ROC and AUC
Threshold-independent classifier ranking
ROC plots true vs false positive rates across all thresholds; AUC is the area under that curve. Together they evaluate a classifier's ranking ability without committing to a threshold.
The ROC curve plots True Positive Rate (TPR = recall) vs False Positive Rate (FPR) as the threshold varies. A curve hugging the top-left corner is good; the diagonal is random guessing. The area under the curve, AUC, is 0.5 for random and 1.0 for perfect.
AUC is valuable because it evaluates ranking without forcing a threshold.
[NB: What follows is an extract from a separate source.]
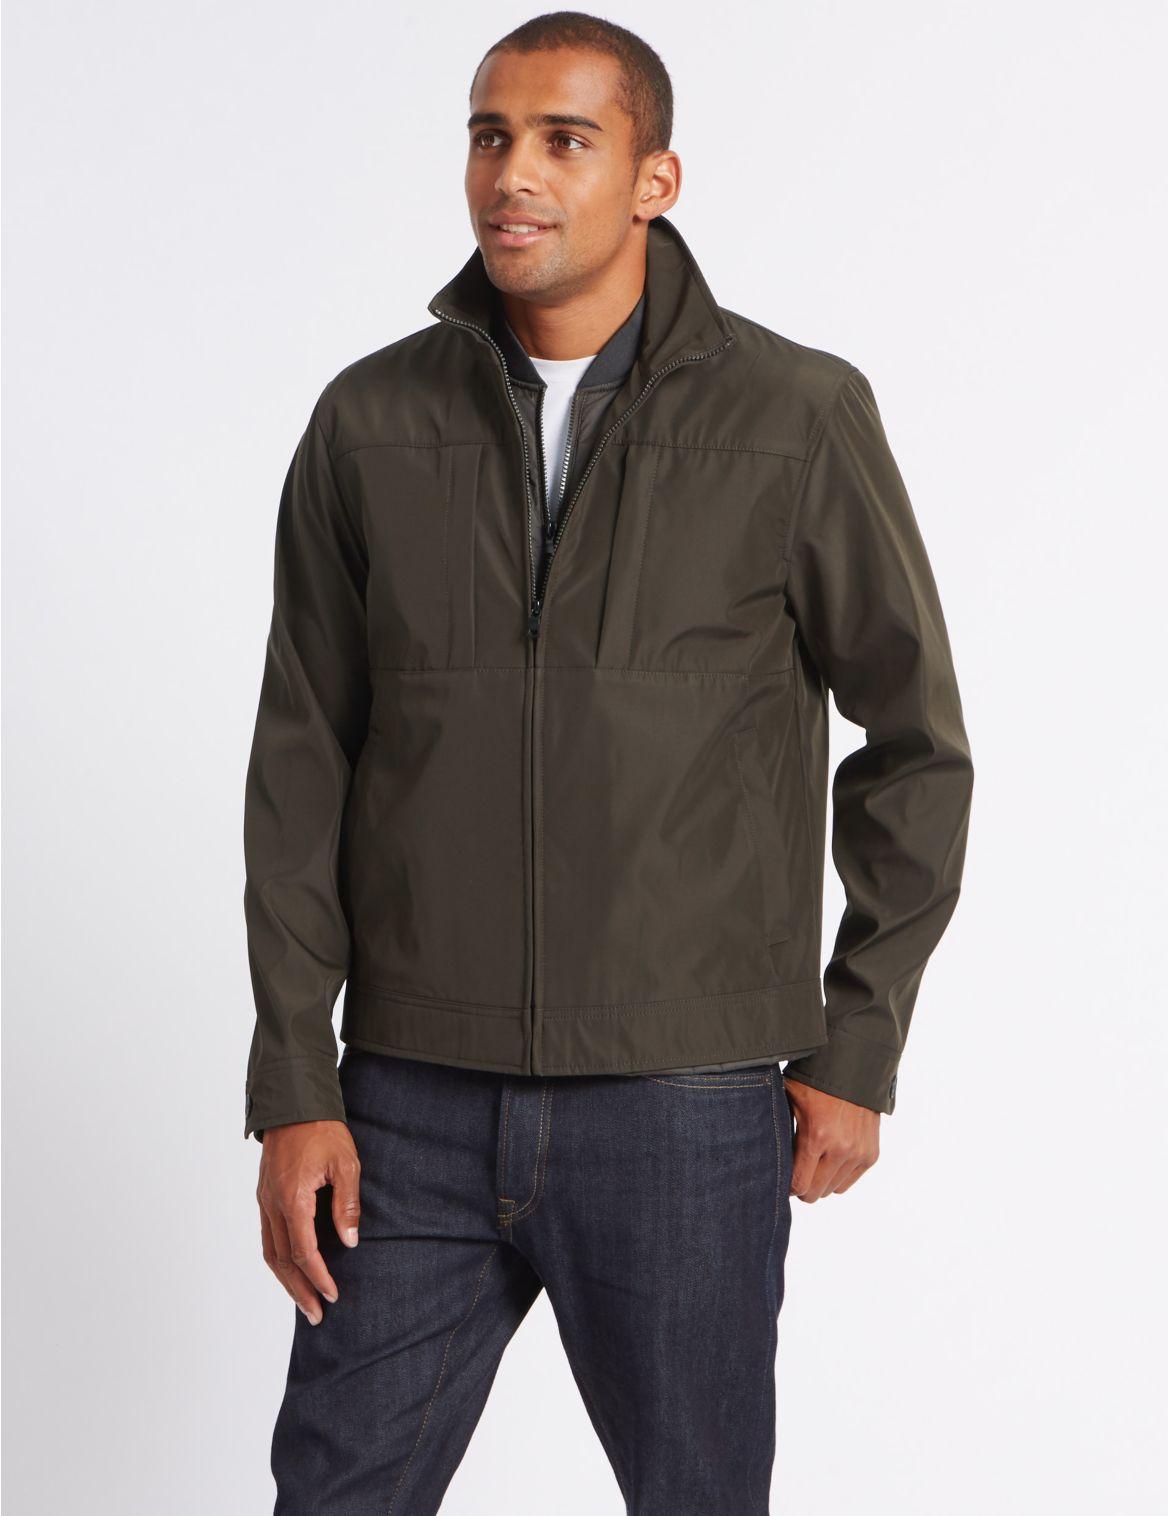 Veste Harrington 3en1, dotée de la technologie Stormwear™

Specifically: it's the probability that a random positive scores higher than a random negative — making it a fair, objective metric to compare different models.
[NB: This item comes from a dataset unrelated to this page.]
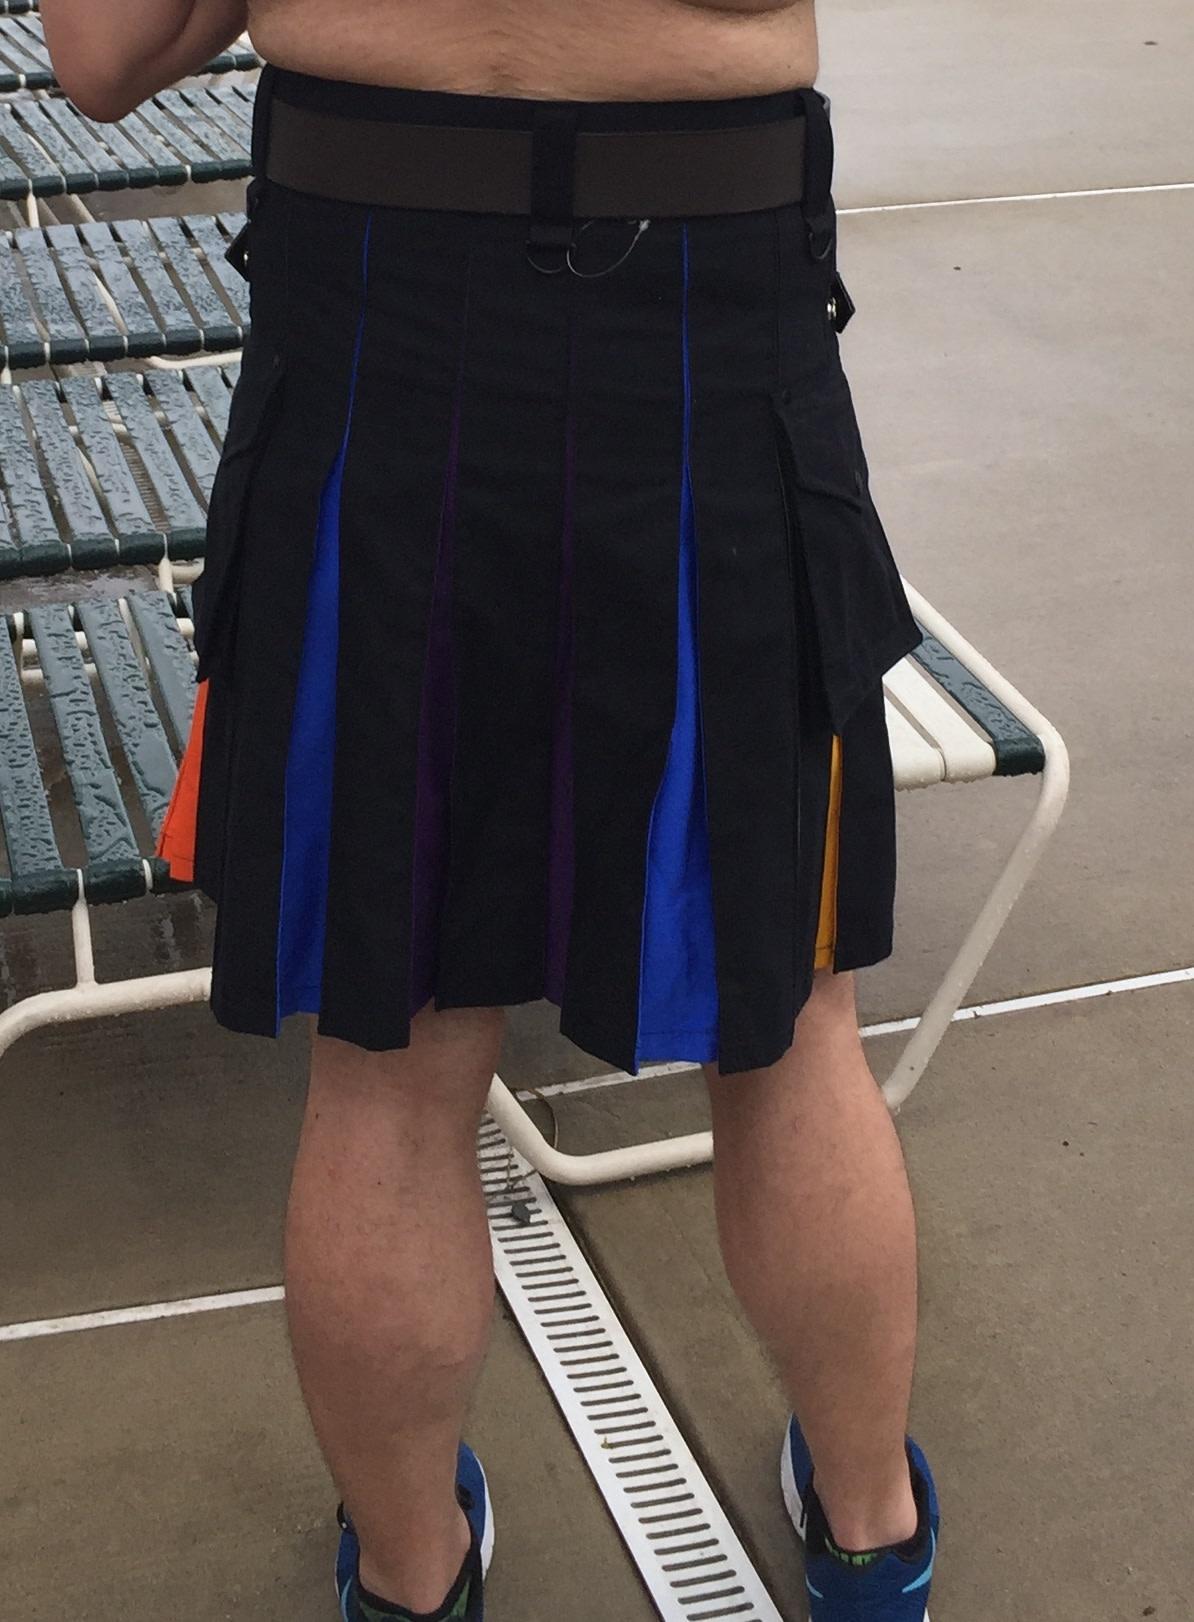 PASSIONAL Pride Flag Contrast Pleat Cargo Kilt

Under heavy class imbalance, ROC-AUC can look optimistic. Precision-Recall AUC (Average Precision) is then more informative — it focuses on the positive class. Roughly: ROC-AUC for balanced problems, PR-AUC for highly imbalanced.
A teacher ranking students by "could this kid finish first?". The teacher gives 100 ranks; you test the ranking by sampling actual top-finishers and asking "are they near the top?". AUC quantifies that question: is a random positive ranked above a random negative? At 100% → AUC=1.0; at 50% → AUC=0.5 (random).
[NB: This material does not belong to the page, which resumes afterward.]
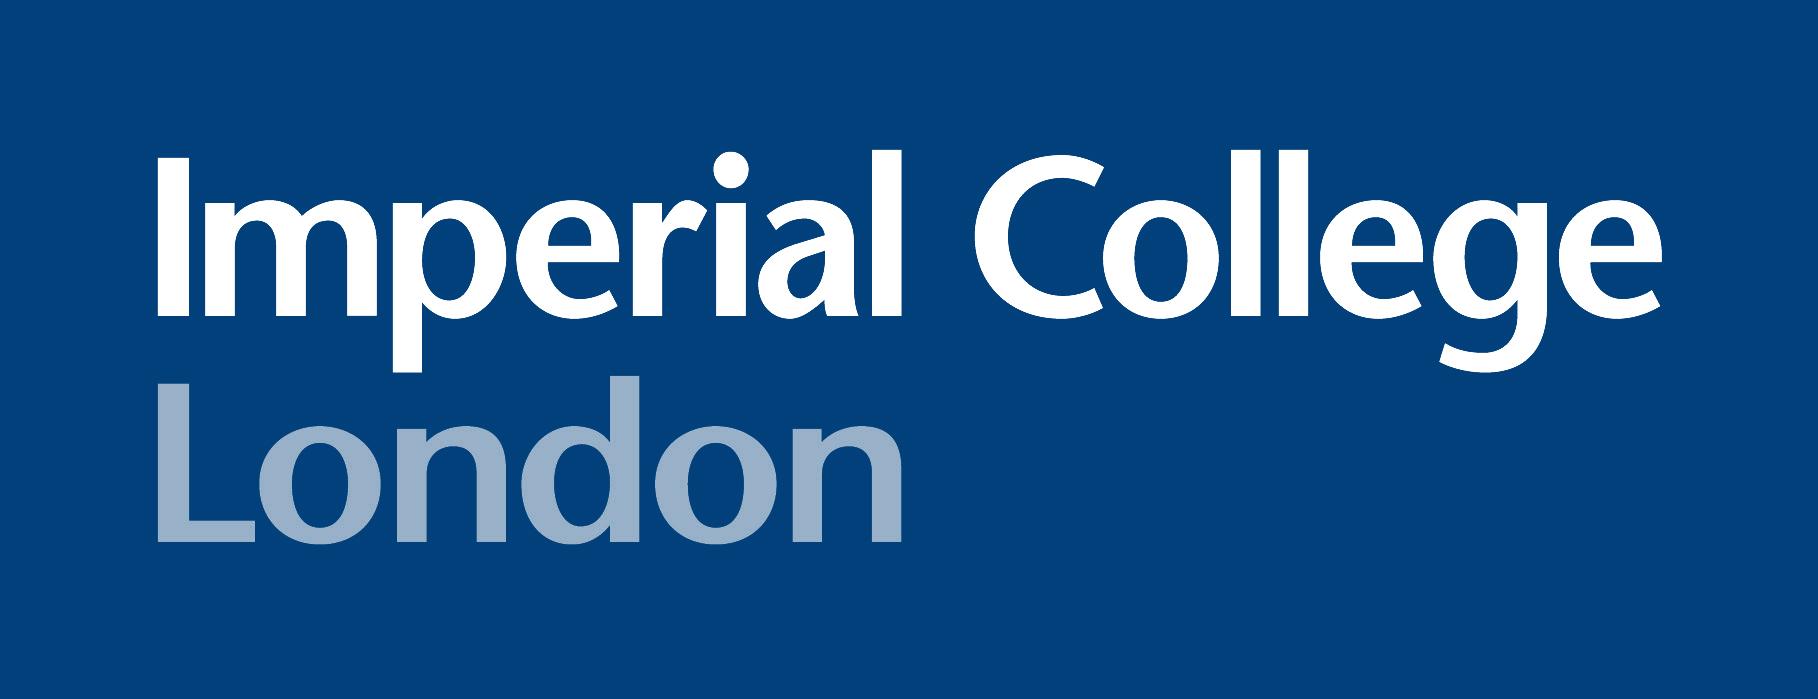 logo - Imperial College London.jpg

An insurer compares logistic regression, random forest, and LightGBM. No imbalance issue, but no threshold yet either. Comparing by accuracy or F1 would lock in a threshold; AUC compares them threshold-free.
| Model | ROC-AUC | PR-AUC | |-------|---------|--------| | Logistic | 0.79 | 0.34 | | Random Forest | 0.86 | 0.48 | | LightGBM | 0.91 | 0.56 |
LightGBM wins on both general ranking and positive-focused ranking. Threshold selection happens later; the model winner is clear.
from sklearn.metrics import roc_curve, auc, roc_auc_score, average_precision_score
import matplotlib.pyplot as plt
probs = model.predict_proba(X_test)[:, 1]
fpr, tpr, thr = roc_curve(y_test, probs)
roc_auc = auc(fpr, tpr)
roc_auc_score_v = roc_auc_score(y_test, probs)
ap = average_precision_score(y_test, probs)
print(f"ROC-AUC: {roc_auc_score_v:.4f}")
print(f"PR-AUC (Average Precision): {ap:.4f}")
plt.figure(figsize=(6, 6))
plt.plot(fpr, tpr, label=f"AUC = {roc_auc:.3f}")
plt.plot([0, 1], [0, 1], "k--", alpha=0.5, label="random")
plt.xlabel("False Positive Rate")
plt.ylabel("True Positive Rate")
plt.title("ROC Curve")
plt.legend()
plt.savefig("roc.png", dpi=150, bbox_inches="tight")- Threshold-independent overall performance
- Objectively comparing multiple models
- Model selection before threshold is finalized
- Ranking problems (recommendation, search)
- Heavy class imbalance — ROC-AUC is optimistic; prefer PR-AUC
- A single fixed-threshold decision — go straight to precision/recall
- Multi-class — be careful with macro/micro/OvR/OvO aggregation
Treating AUC as calibrated probability
AUC is a ranking metric, not a probability. High AUC doesn't guarantee well-calibrated probabilities — apply Platt scaling or isotonic regression if needed.
Only ROC-AUC under heavy imbalance
0.95 ROC-AUC can hide a PR-AUC of 0.3. Always report both.
Ignoring statistical significance
Is 0.86 vs 0.87 real or noise? Use DeLong's test to compare two AUCs properly.